Although the total release capacity of the device may be of importance, the rate at which the release is maintained and the period for which it is maintained are probably the more important measure. Resting endothelial cells are reported to release NO at a rate (Flux: F) of 0.83 pmol·cm⁻²·s⁻¹, while that of a stimulated endothelium is in the 2.7-6.8 pmol·cm⁻²·s⁻¹ range (24), and release rates of synthetic devices are often compared with these benchmarks. In the current study, the release rate was above that of the stimulated endothelium for at least the first 24 hours, while levels above base value were maintained for 120-240 hours. It is known that high release rates (10-20 pmol·cm⁻²·s⁻¹) can decrease bacterial adhesion to surfaces (17, 32), and that even at levels well below (0.002 pmol·cm⁻²·s⁻¹) that of the endothelium, platelet and smooth muscle cell adhesion are decreased, and endothelial cell adhesion increased (19). The current films maintained initial rates greater than that shown to be required for bacterial resistance (in the initial stages when this will be most required in an implant), and maintained values above those shown to be sufficient for the other advantageous cellular attachment effects for the full investigation period of more than 33 days.

The encouraging in vivo results by Fleser et al (10), namely that of increased thrombus free area and patency when using NO-releasing PVC coatings on Dacron vascular grafts in a sheep arteriovenous shunt model, shows the potential of this technology.

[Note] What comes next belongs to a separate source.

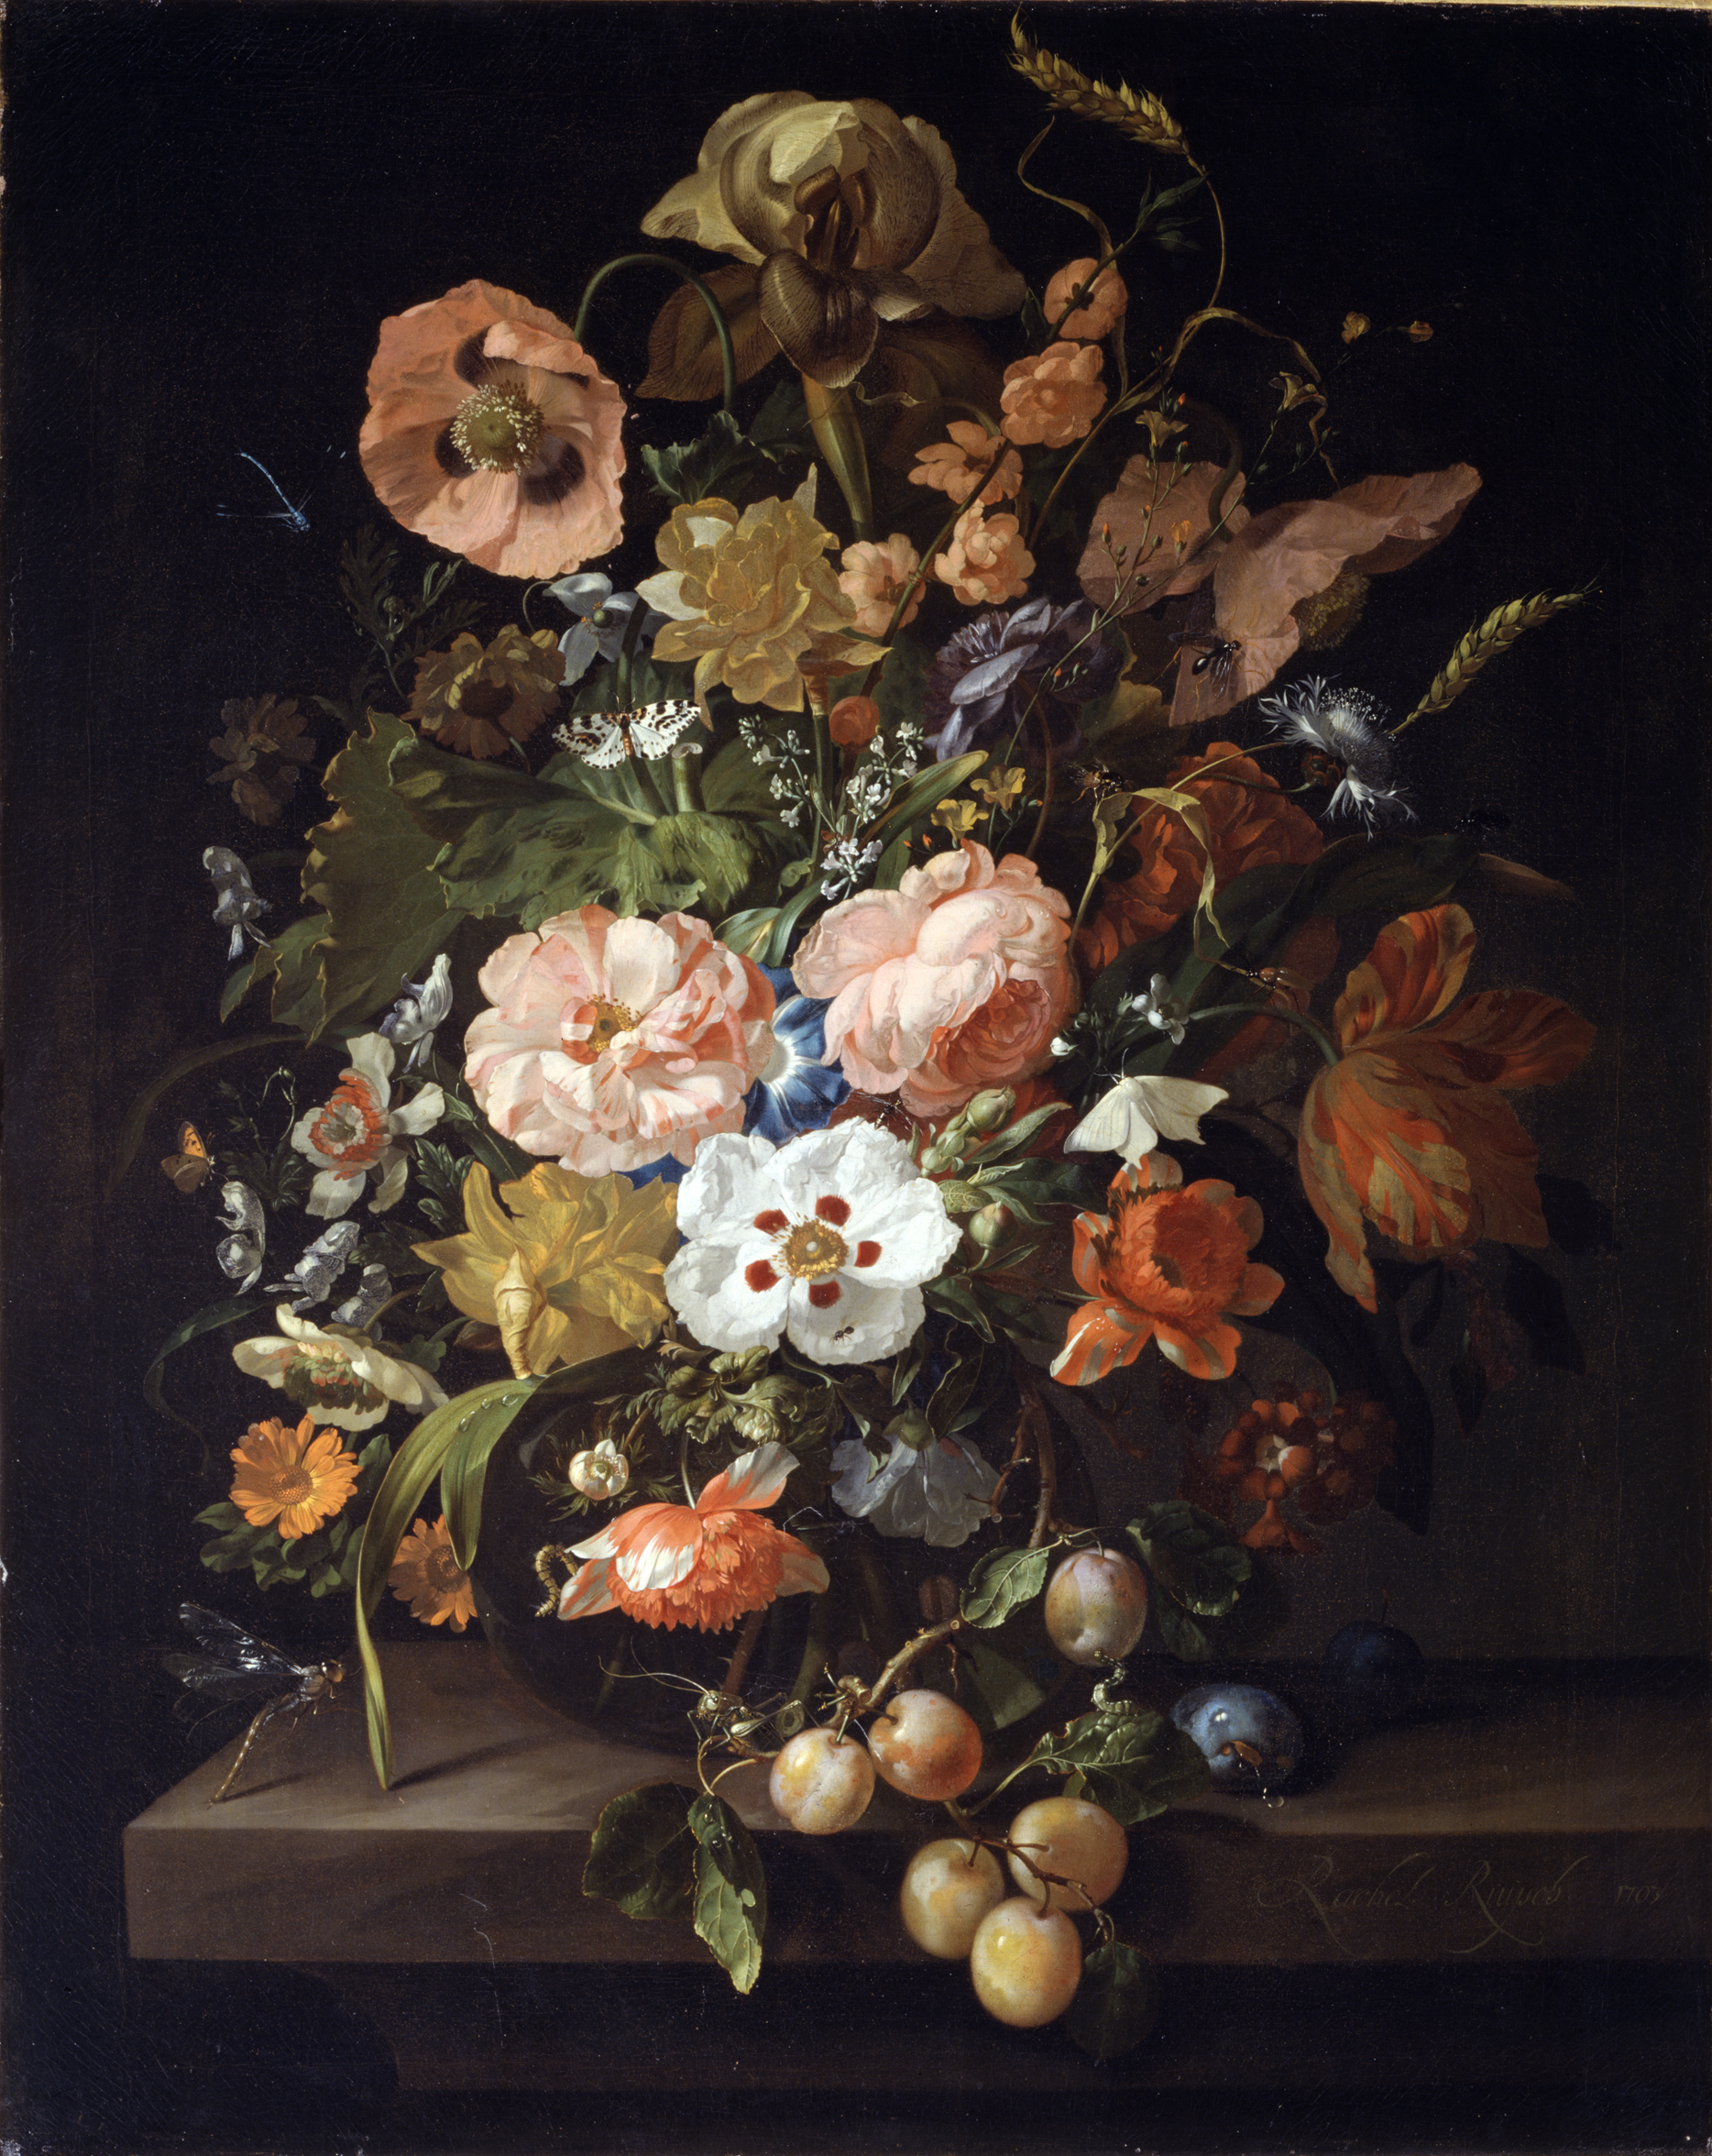 Meyve ve Çiçeklerle Natürmort by Rachel Ruysch - 1703 
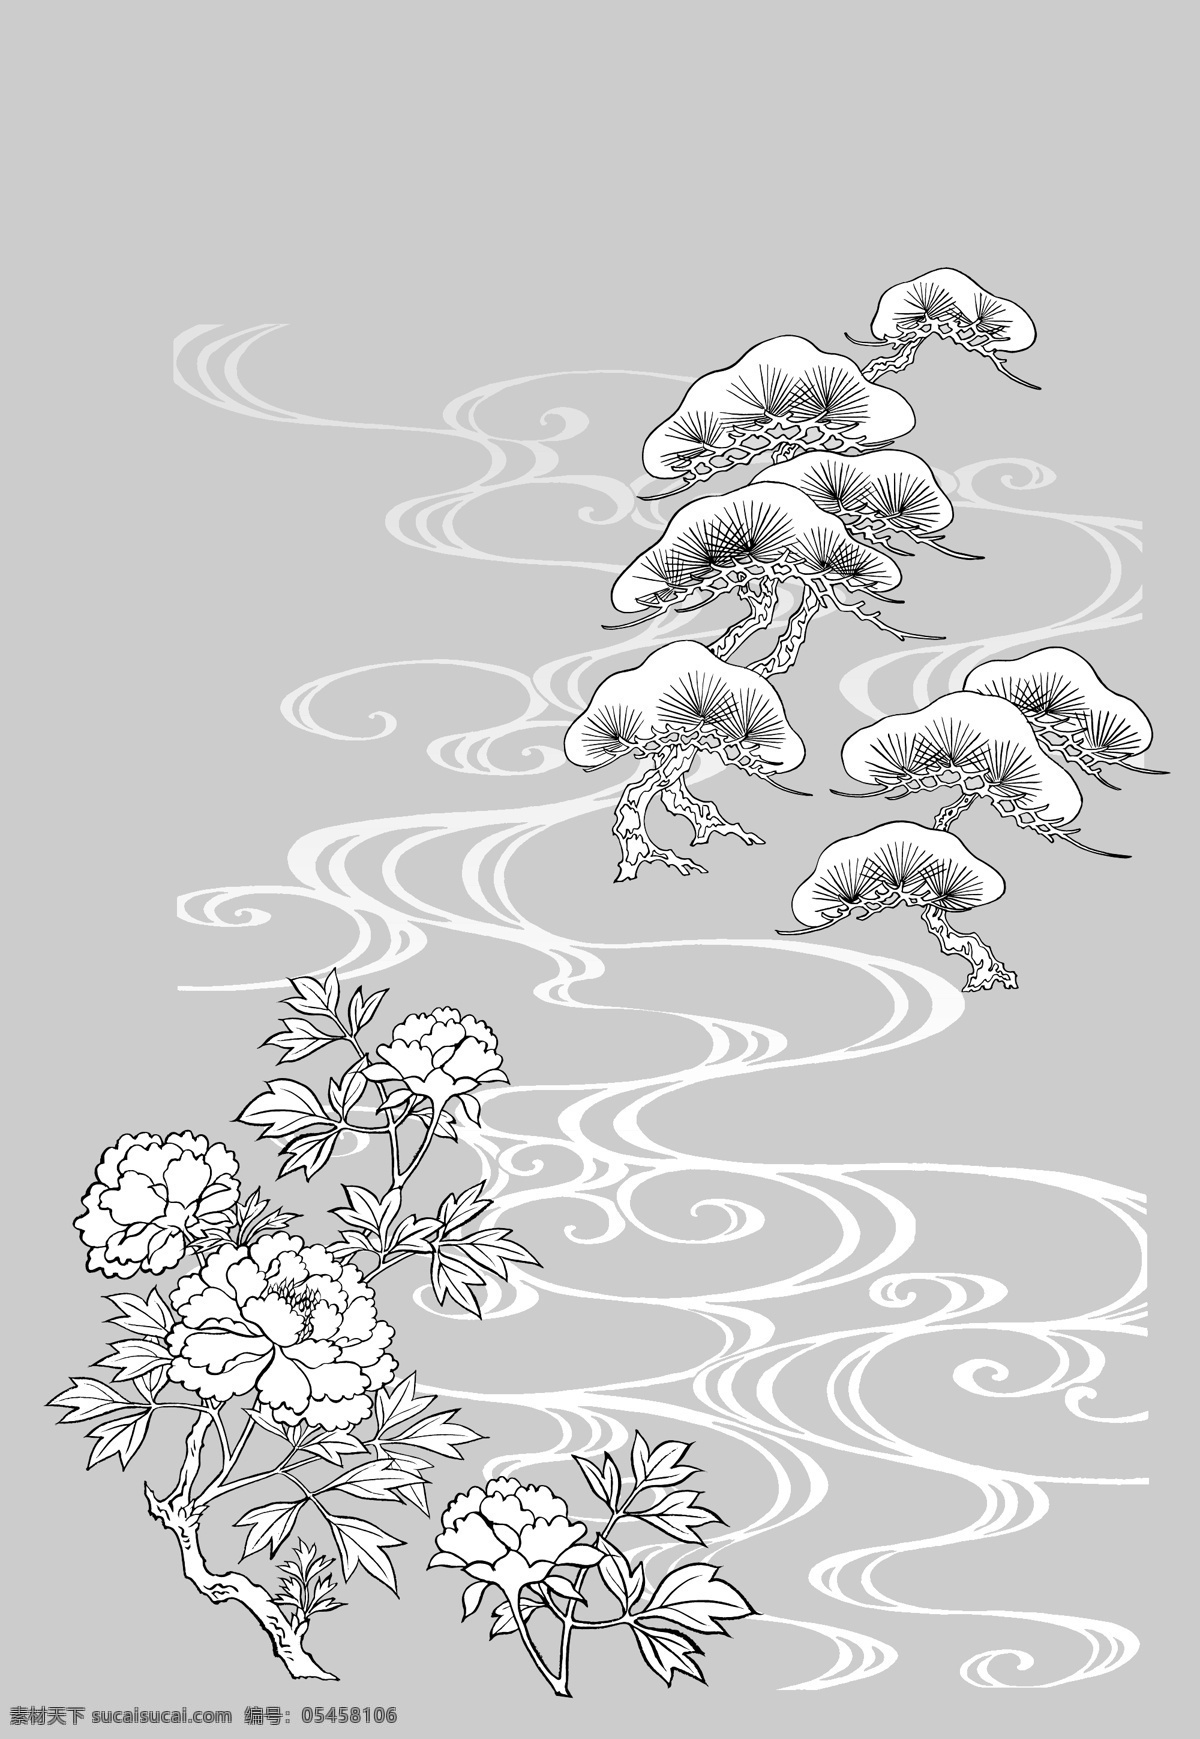 线描 牡丹 图案 来自 日本 民间 原创 十分美观 矢量图 花纹花边

It thus seems only a question of time for the fulfilment of the promise of NO-releasing materials becoming the “artificial endothelium” (24) and of being used in the vascular grafts of the future (47).

Conclusions

Increased PDMS content in the segmented PU Elast-Eon™ resulted in increased NO release when the LPEI donor was incorporated into the PU and subsequently exposed to NO gas. LPEI and NO incorporation did not result in significant losses in mechanical properties. Extended release rates above that of the cultured endothelium could be achieved for extended periods using this system, which holds much promise for use in vascular graft and other applications where thrombogenicity requires suppression.